*TASK PROMPT*
Please return every entry below exactly as written, without any of its pictures.

(Dataset entries)
————————

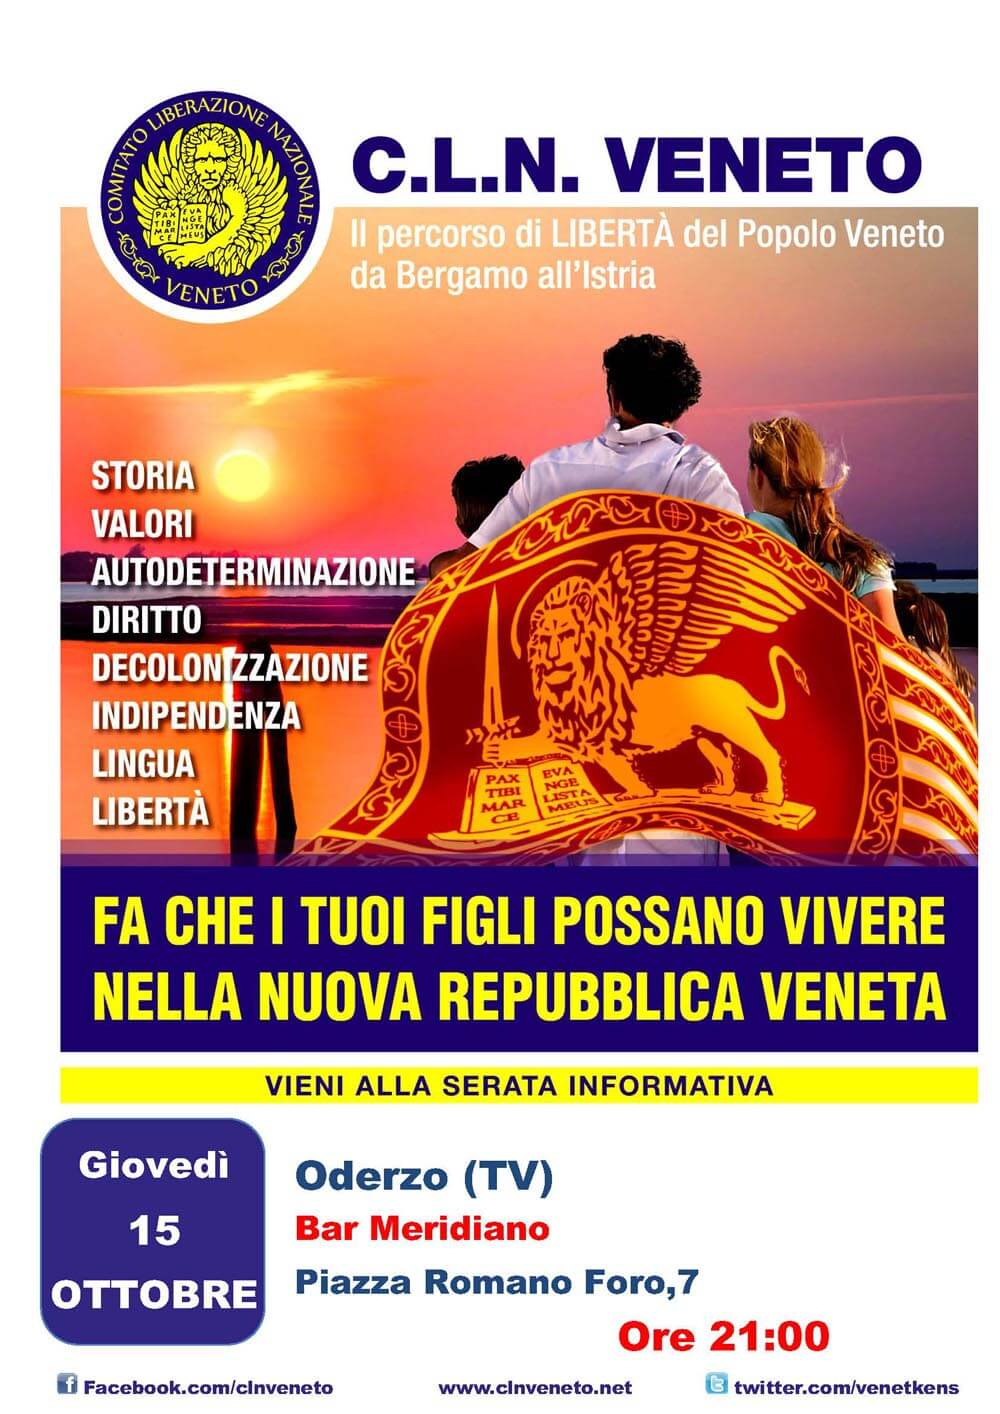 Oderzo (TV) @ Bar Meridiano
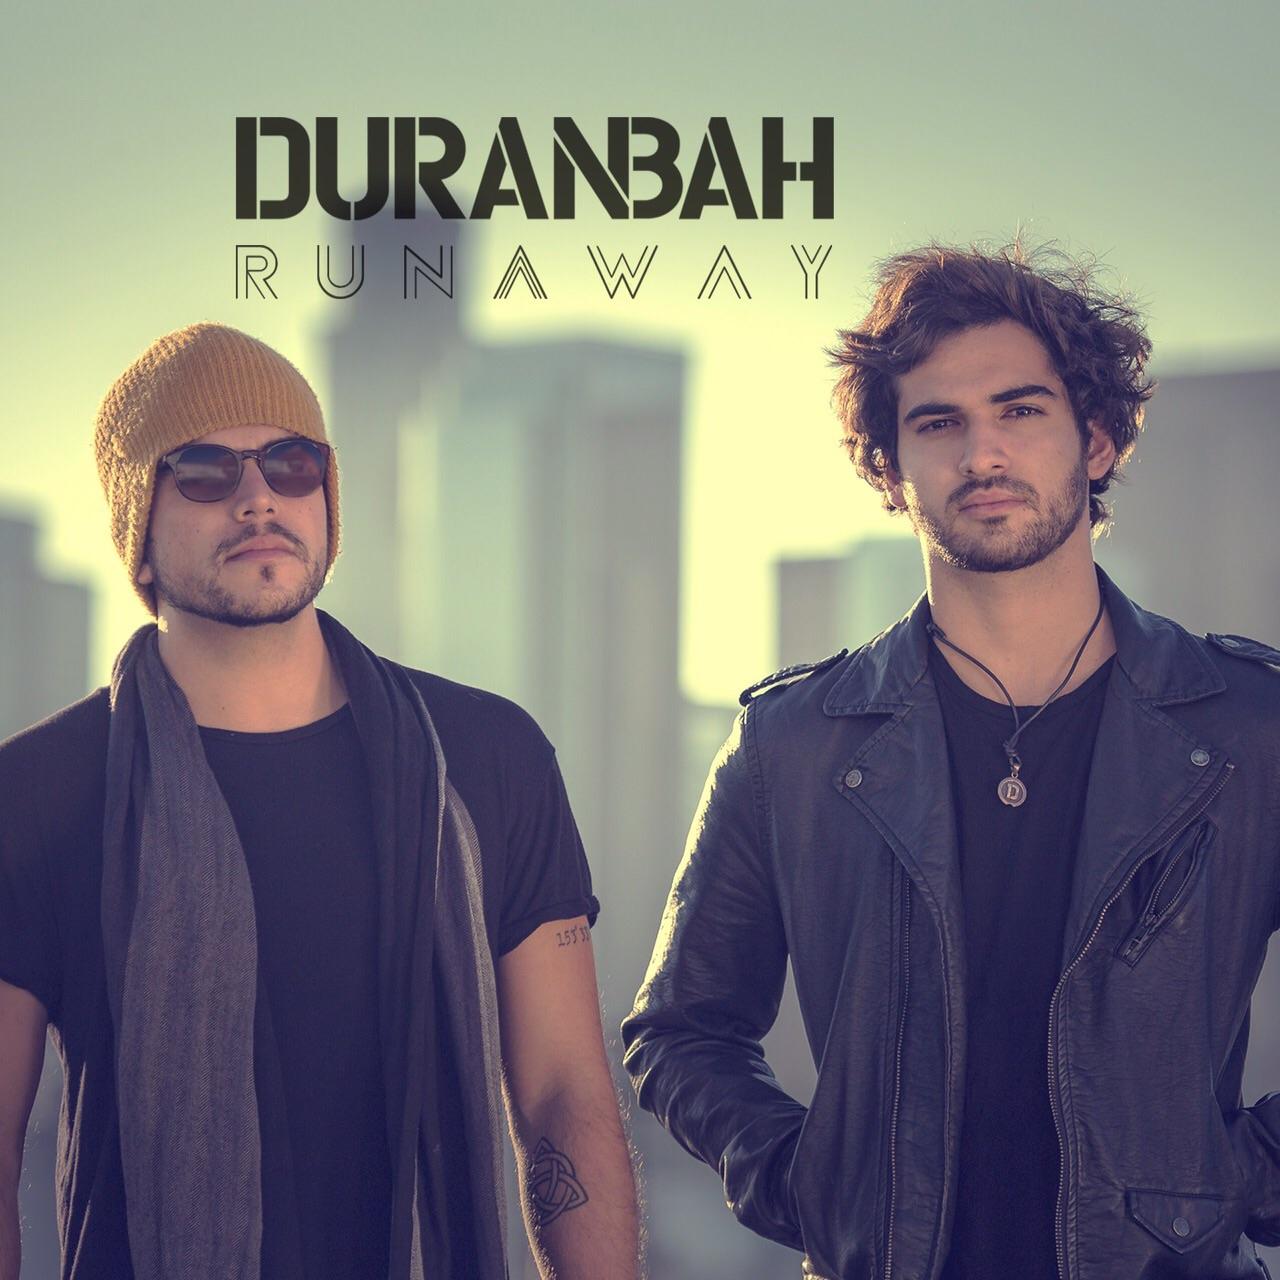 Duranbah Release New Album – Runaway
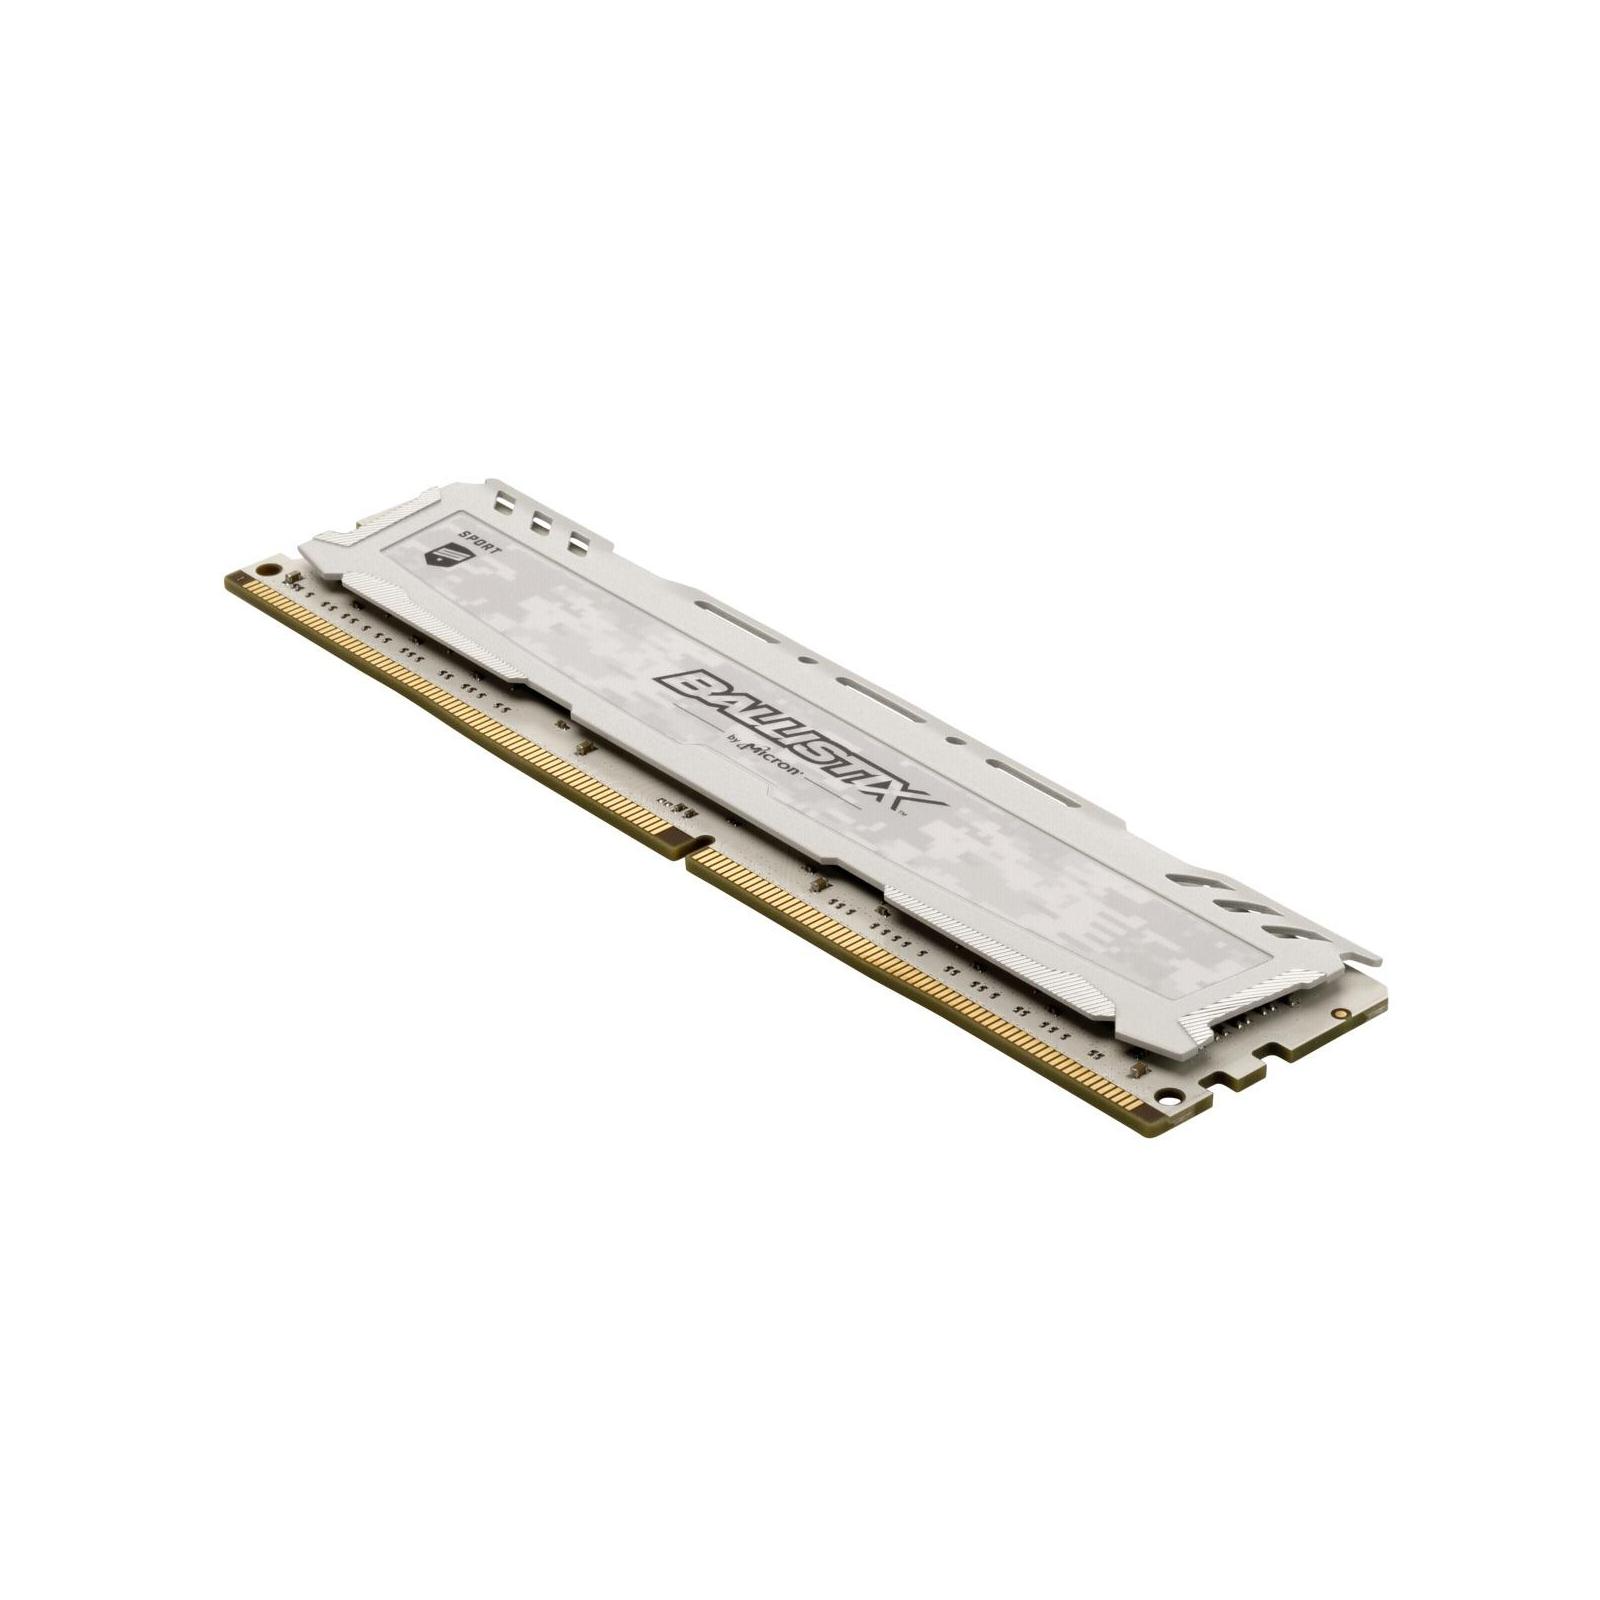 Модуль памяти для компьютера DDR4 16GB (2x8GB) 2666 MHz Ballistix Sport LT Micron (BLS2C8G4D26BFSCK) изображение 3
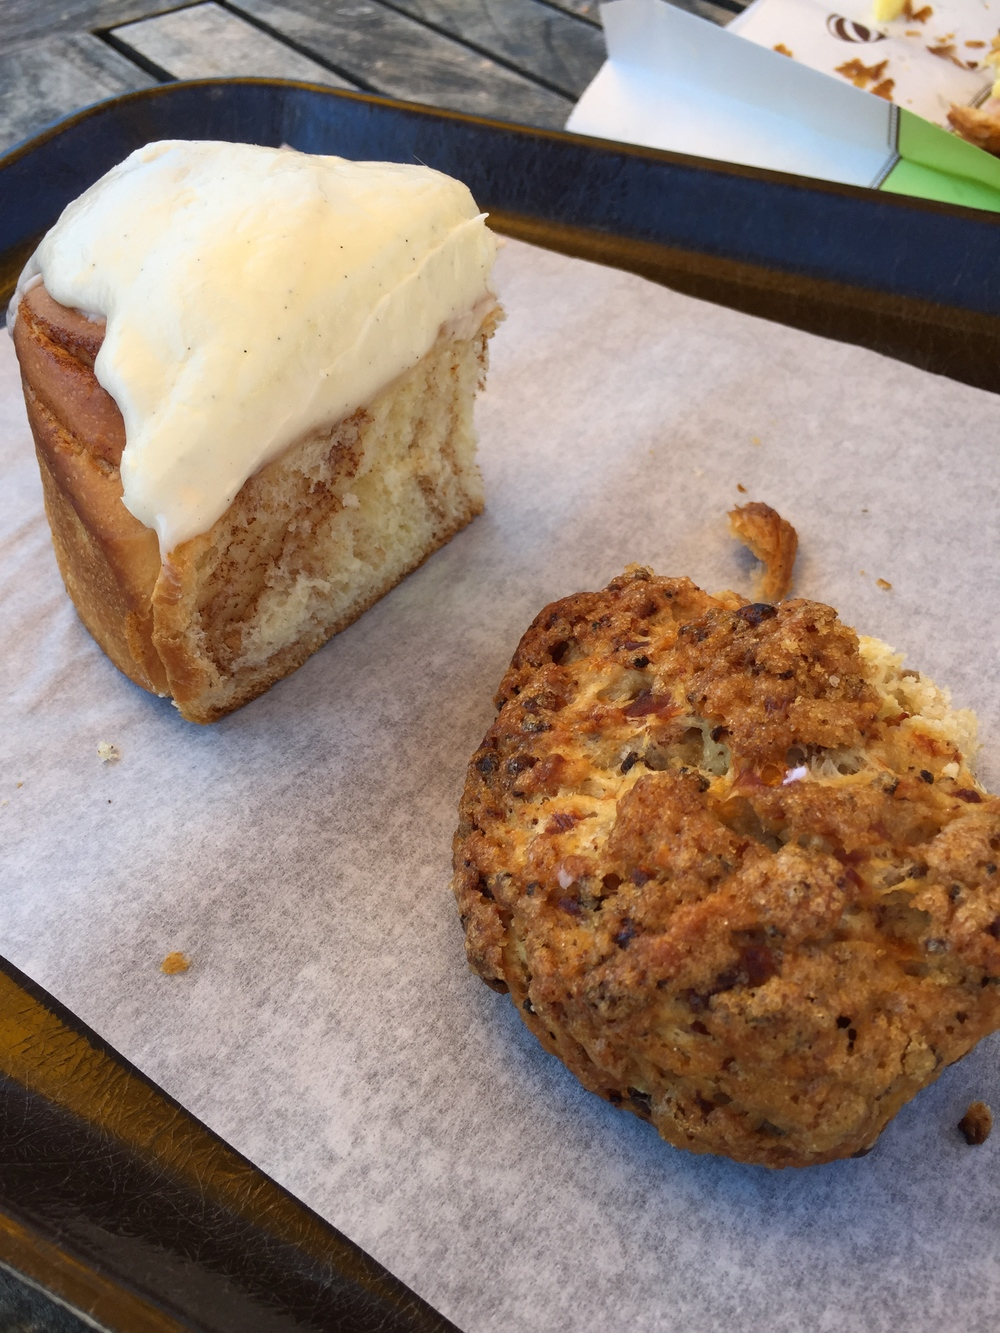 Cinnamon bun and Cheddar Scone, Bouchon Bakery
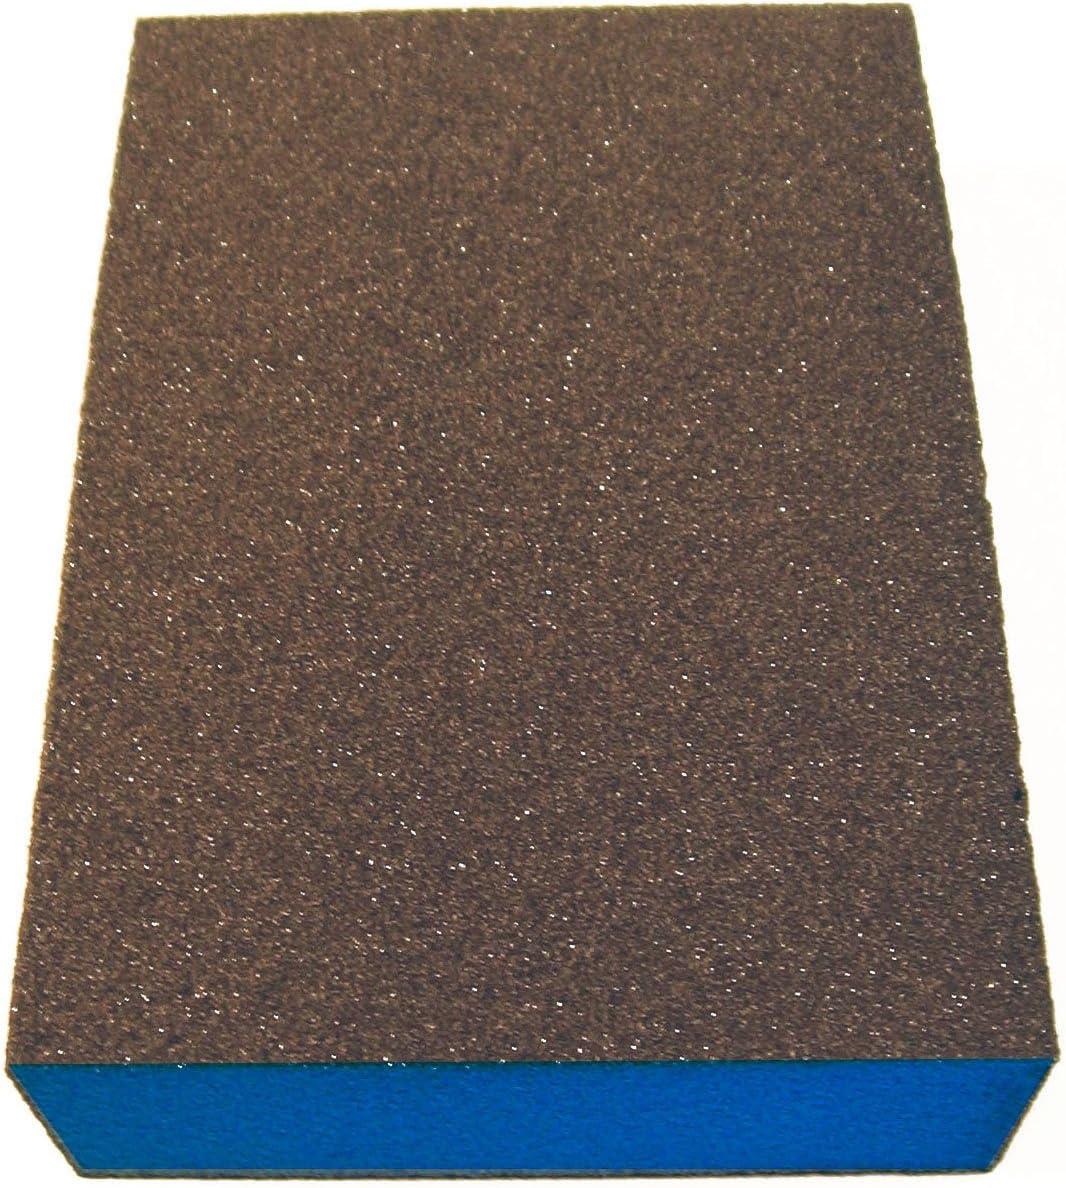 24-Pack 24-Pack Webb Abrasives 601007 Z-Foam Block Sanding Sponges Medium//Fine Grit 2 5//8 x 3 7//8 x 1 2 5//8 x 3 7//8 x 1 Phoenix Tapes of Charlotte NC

————————

*TASK SOLUTION*
 Oderzo (TV) @ Bar Meridiano
 Duranbah Release New Album – Runaway
 Модуль памяти для компьютера DDR4 16GB (2x8GB) 2666 MHz Ballistix Sport LT Micron (BLS2C8G4D26BFSCK) изображение 3
 Cinnamon bun and Cheddar Scone, Bouchon Bakery
 24-Pack 24-Pack Webb Abrasives 601007 Z-Foam Block Sanding Sponges Medium//Fine Grit 2 5//8 x 3 7//8 x 1 2 5//8 x 3 7//8 x 1 Phoenix Tapes of Charlotte NC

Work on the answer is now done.